If you’ve decided to take a GMAT preparation course as part of that strategy – a wise decision for most, given the increasingly competitive nature of the exam – the summer season is an optimal time to do so. If you’re prepared to take the test in mid-September, you’ll reap the benefits of having an option to retake the exam once before the first round deadlines in mid-to-late October (GMAC will only allow examinees to retake the exam after a 30-day ‘waiting period’). That knowledge, alone, will allow you to relax and proceed through the test more calmly and comfortably, providing you with a strong competitive advantage over test-takers who feel that now-or-never pressure on test day.

Given that most GMAT students will begin classes over the next few months, I’d like to offer a handful of strategies to ensure that you make the most of your class. Having worked with hundreds of students in my instructional career, I’ve seen a number of students take particular advantage of their classroom experience and accelerate their careers as a result. How did they do it?

1) Set up a study schedule and stick to it. Procrastination has derailed many a grand plan, and students who allow themselves to slack will miss out on valuable opportunities to ask pertinent questions in class and analyze their progress with each step. There is a significant level of autonomy to each class, and the allocation of that time is generally set by those students who have finished the homework and ask related questions; if you manage to stick to a study schedule, you’ll better be able to direct the emphasis of the question-and-answer portion of each lesson to your needs.

2) Understand the wrong answers and not just the right ones. There are generally three levels of comprehension of each practice question:

-Why is the right answer correct? Almost all students will seek out this answer, and internalize it for each question.
-Why is the wrong answer incorrect? Most students will consider this whenever they miss a question.
-What about the wrong answer did you like, or why did the wrong answer look right? Fewer students will consider this, but you should. Knowing which devices the test will employ to lower your score is an important way to avoid making mistakes. Seek out these answers, and ask your instructor for assistance in doing so. Instructors have quite a bit of experience with analyzing student mistakes, and can help you find patterns in the errors you make, allowing you to focus on them directly.

3) Get to know your instructor. GMAT instructors are a unique breed – they’re intelligent enough to thoroughly understand these questions, ‘geeky’ enough to enjoy talking about them, and personable enough to want to work with you to better understand them. We can’t help it – we love to be helpful, and are thrilled when people take an interest in the subject. The more you get to know your instructor personally and solicit targeted advice, the more likely you are to gain a teammate in the process and receive personalized strategies. Again, instructors tend to have a unique perspective on student errors, and can recommend targeted drills, strategies, etc. to get you over the hump. Take advantage of that resource.

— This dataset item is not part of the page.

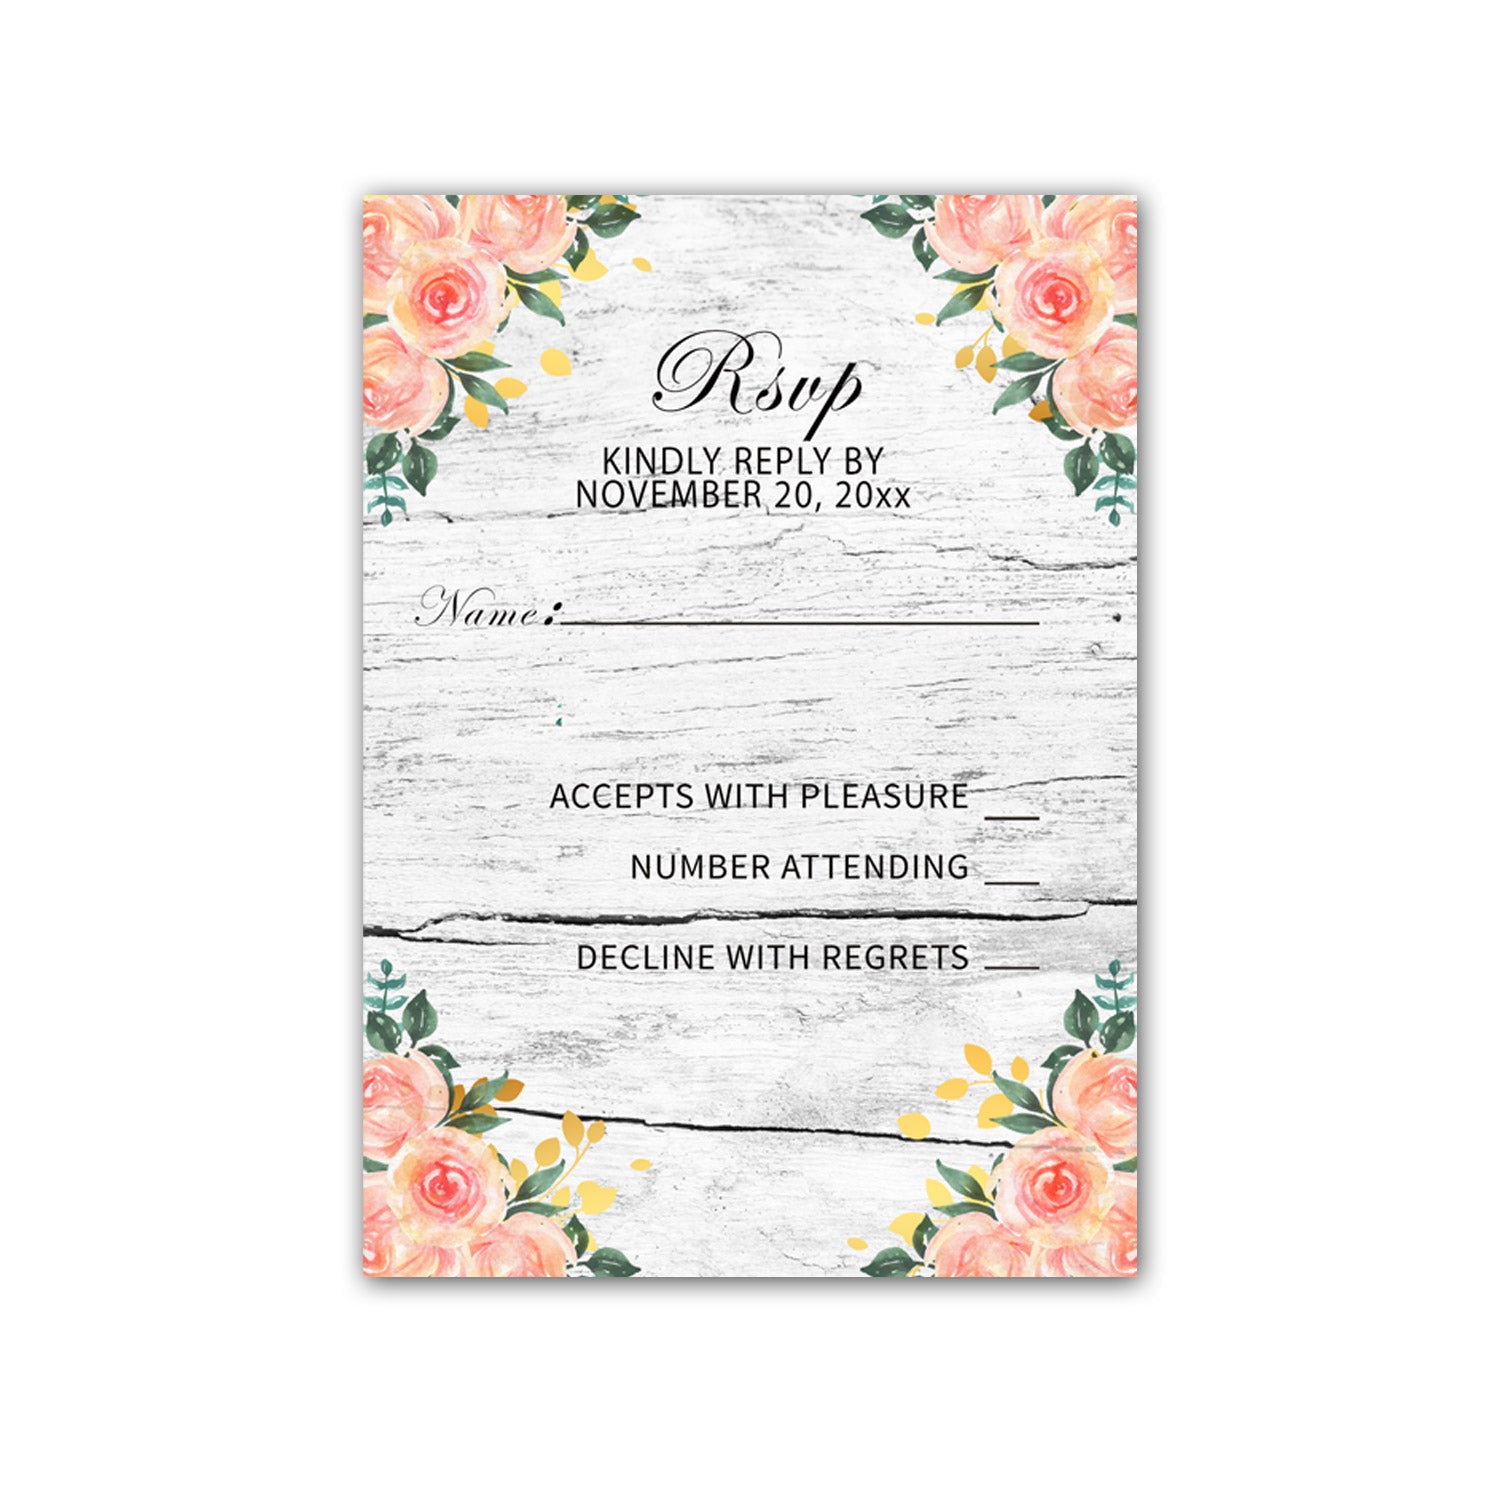 RSVP cards wood rustic wedding pink gold floral printable

4) Set a test date. It’s not a bad idea to give yourself a week or two to settle in to your study regimen before committing to the exam, but from that point you should set a goal and work toward it. Few things are more disappointing than reaching the end of your course, intending to study for the next few weeks, and realizing weeks later that you’ve not only procrastinated, but you’ve lost your edge on some of the subjects you had studied. Before your class ends, you should have a target date in mind so that you can continue with your forward momentum.

5) Embrace the challenge. Your GMAT class is exactly what you want – you’re in school again! Take the proper perspective – you’re surrounded by your peers, working toward a common goal, and challenging your mind in a different way. Look forward to class, get to know your classmates, and enjoy the mental puzzles that the practice questions provide. I’ve never seen a student smile regularly in class and then underperform on the test – those who let themselves have fun with the process will succeed as a result. Enjoy!